C. Self-Regulatory Organization's Statement on Comments on the Proposed 
Rule Change Received From Members, Participants or Others

    Written comments on the proposed rule change were neither solicited 
nor received.

III. Date of Effectiveness of the Proposed Rule Change and Timing for 
Commission Action

    Within 35 days of the date of publication of this notice in the 
Federal Register or within such longer period (i) as the Commission may 
designate up to 90 days of such date if it finds such longer period to 
be appropriate and publishes its reasons for so finding, or (ii) as to 
which the Exchange consents, the Commission will:
    (A) By order approve the proposed rule change, or
    (B) Institute proceedings to determine whether the proposed rule 
change should be disapproved.

IV. Solicitation of Comments

    Interested persons are invited to submit written data, views, and 
arguments concerning the foregoing,

[[Page 11927]]

including whether the proposed rule change is consistent with the Act. 
Comments may be submitted by any of the following methods:

Electronic Comments

     Use the Commission's Internet comment form (http://www.sec.gov/rules/sro.shtml.
); or     Send an e-mail to rule-comments@sec.gov.

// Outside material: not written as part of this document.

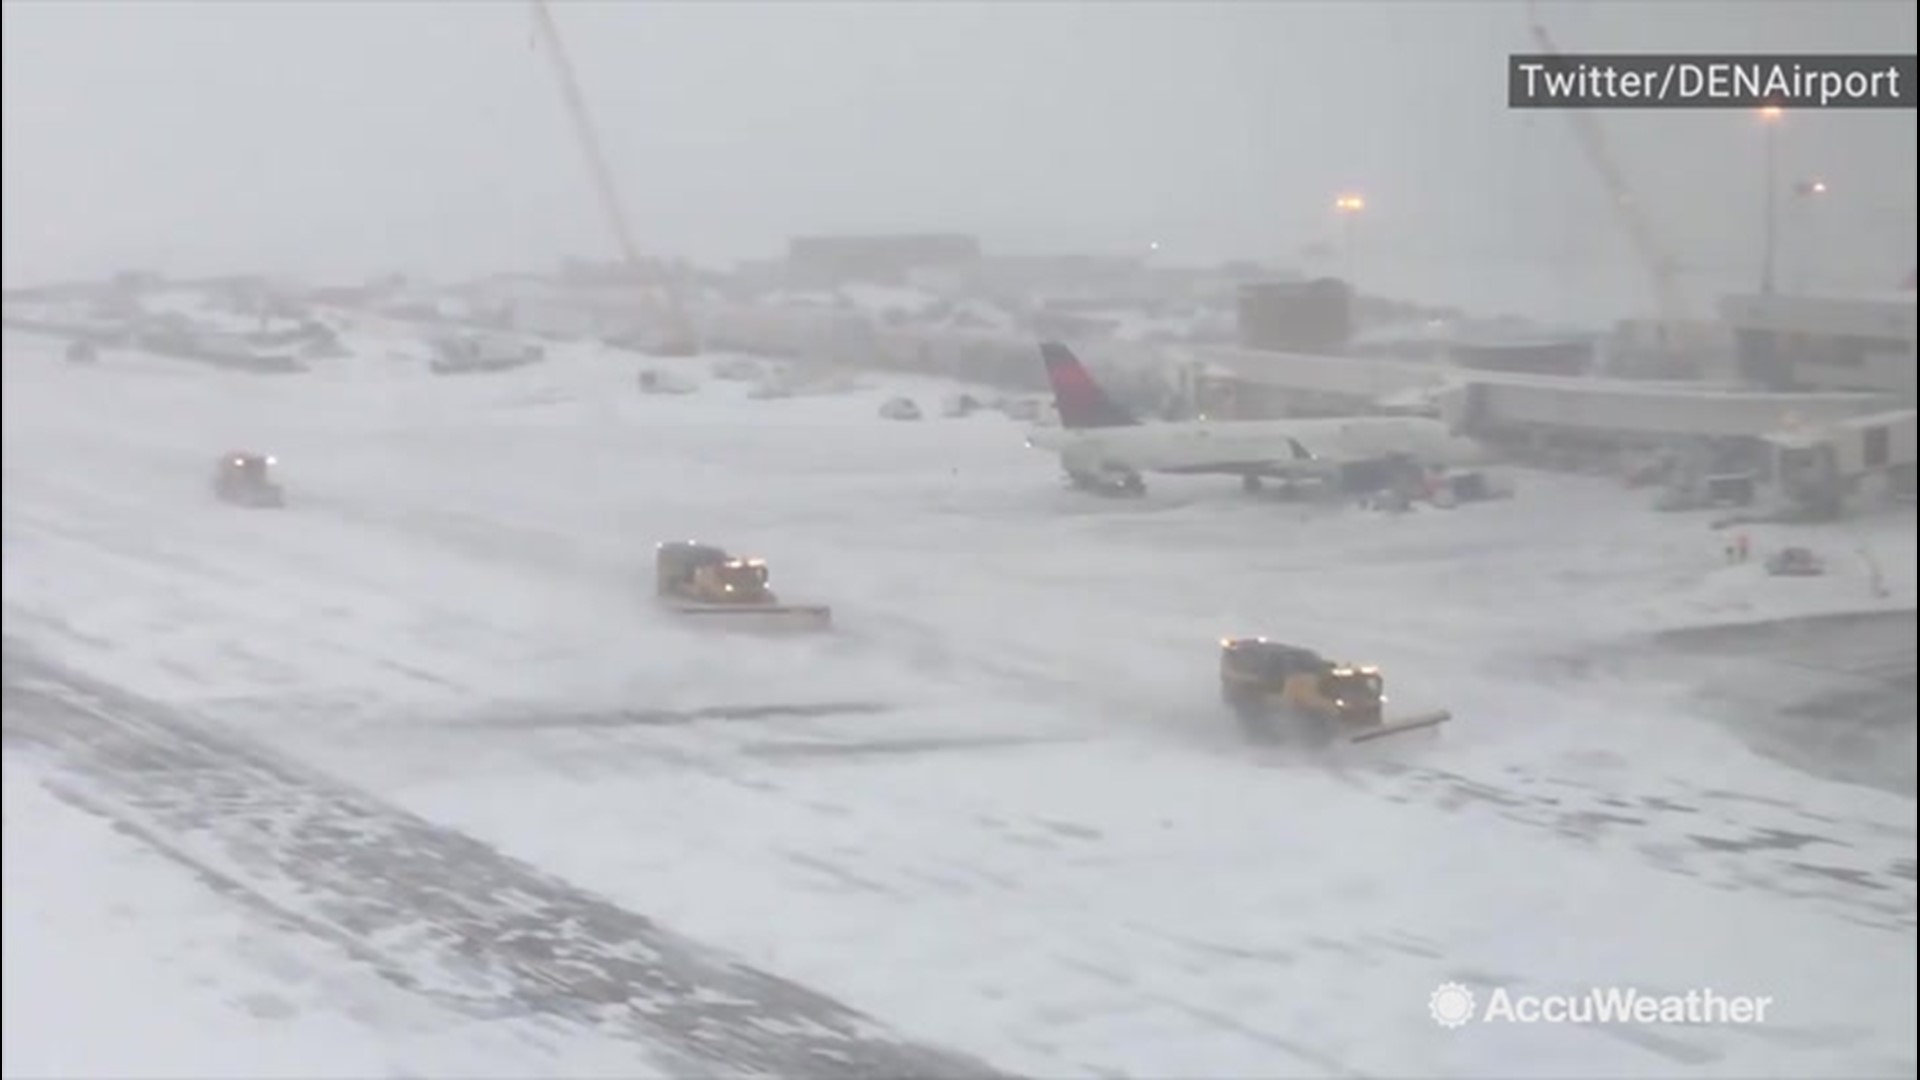 Crews are working hard to keep runways and taxiways open at the Denver International Airport. Many airlines are resuming operations in the early afternoon.

Please include 

File Number SR-NYSE-2007-19 on the subject line.

Paper Comments

     Send paper comments in triplicate to Nancy M. Morris, 
Secretary, Securities and Exchange Commission, 100 F Street, NE., 
Washington, DC 20549-1090.
All submissions should refer to File Number SR-NYSE-2007-19. This file 
number should be included on the subject line if e-mail is used. To 
help the Commission process and review your comments more efficiently, 
please use only one method. The Commission will post all comments on 
the Commission's Internet Web site (http://www.sec.gov/rules/sro.shtml
). Copies of the submission, all subsequent amendments, all 

written statements with respect to the proposed rule change that are 
filed with the Commission, and all written communications relating to 
the proposed rule change between the Commission and any person, other 
than those that may be withheld from the public in accordance with the 
provisions of 5 U.S.C. 552, will be available for inspection and 
copying in the Commission's Public Reference Room. Copies of the filing 
also will be available for inspection and copying at the principal 
office of the Exchange. All comments received will be posted without 
change; the Commission does not edit personal identifying information 
from submissions. You should submit only information that you wish to 
make available publicly. All submissions should refer to File Number 
SR-NYSE-2007-19 and should be submitted on or before April 4, 2007.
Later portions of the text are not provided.